Collected data

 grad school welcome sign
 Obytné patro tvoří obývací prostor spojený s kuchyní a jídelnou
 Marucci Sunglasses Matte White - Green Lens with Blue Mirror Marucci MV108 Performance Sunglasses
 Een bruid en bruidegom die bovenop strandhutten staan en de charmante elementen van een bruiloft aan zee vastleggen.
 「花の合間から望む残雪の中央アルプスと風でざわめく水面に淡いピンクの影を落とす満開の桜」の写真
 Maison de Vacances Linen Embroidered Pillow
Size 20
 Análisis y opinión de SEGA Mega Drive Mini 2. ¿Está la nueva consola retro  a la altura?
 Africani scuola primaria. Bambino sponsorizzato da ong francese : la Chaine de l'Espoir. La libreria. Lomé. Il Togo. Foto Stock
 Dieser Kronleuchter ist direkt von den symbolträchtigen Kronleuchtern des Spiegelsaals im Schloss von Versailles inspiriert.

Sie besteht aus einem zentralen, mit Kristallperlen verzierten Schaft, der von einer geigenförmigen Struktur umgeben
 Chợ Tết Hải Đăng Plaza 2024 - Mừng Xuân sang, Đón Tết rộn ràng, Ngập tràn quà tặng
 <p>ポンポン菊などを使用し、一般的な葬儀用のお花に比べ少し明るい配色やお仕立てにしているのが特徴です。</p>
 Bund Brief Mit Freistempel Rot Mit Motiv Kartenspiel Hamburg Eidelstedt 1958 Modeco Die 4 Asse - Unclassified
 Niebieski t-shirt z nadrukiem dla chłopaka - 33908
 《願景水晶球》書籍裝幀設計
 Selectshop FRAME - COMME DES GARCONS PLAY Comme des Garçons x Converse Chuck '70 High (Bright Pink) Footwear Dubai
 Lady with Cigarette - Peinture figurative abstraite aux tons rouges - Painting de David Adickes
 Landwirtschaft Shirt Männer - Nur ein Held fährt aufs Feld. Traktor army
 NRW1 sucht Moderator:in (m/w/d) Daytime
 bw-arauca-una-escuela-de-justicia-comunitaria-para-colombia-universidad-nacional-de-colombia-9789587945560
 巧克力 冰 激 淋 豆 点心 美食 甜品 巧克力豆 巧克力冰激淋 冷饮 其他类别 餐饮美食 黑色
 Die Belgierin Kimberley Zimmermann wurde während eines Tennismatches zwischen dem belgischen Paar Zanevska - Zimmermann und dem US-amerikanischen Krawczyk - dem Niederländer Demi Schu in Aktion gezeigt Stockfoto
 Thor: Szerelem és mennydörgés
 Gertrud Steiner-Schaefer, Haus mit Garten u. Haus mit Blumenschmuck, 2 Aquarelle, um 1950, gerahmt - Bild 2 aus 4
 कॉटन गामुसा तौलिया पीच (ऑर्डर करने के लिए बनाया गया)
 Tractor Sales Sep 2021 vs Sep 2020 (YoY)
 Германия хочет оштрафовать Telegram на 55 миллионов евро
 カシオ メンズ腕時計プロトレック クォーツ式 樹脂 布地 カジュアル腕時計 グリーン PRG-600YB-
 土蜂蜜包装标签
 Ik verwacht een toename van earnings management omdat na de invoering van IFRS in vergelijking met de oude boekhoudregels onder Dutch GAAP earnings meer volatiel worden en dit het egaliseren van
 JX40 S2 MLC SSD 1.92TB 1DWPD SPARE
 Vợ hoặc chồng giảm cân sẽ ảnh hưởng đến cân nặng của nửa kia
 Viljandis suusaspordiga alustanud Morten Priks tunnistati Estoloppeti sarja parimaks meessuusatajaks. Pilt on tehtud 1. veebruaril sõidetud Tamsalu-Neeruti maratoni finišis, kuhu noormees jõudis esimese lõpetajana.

How to complete this task - Only a number is wanted: how many lines of the data above contain "with"?

Written response - 2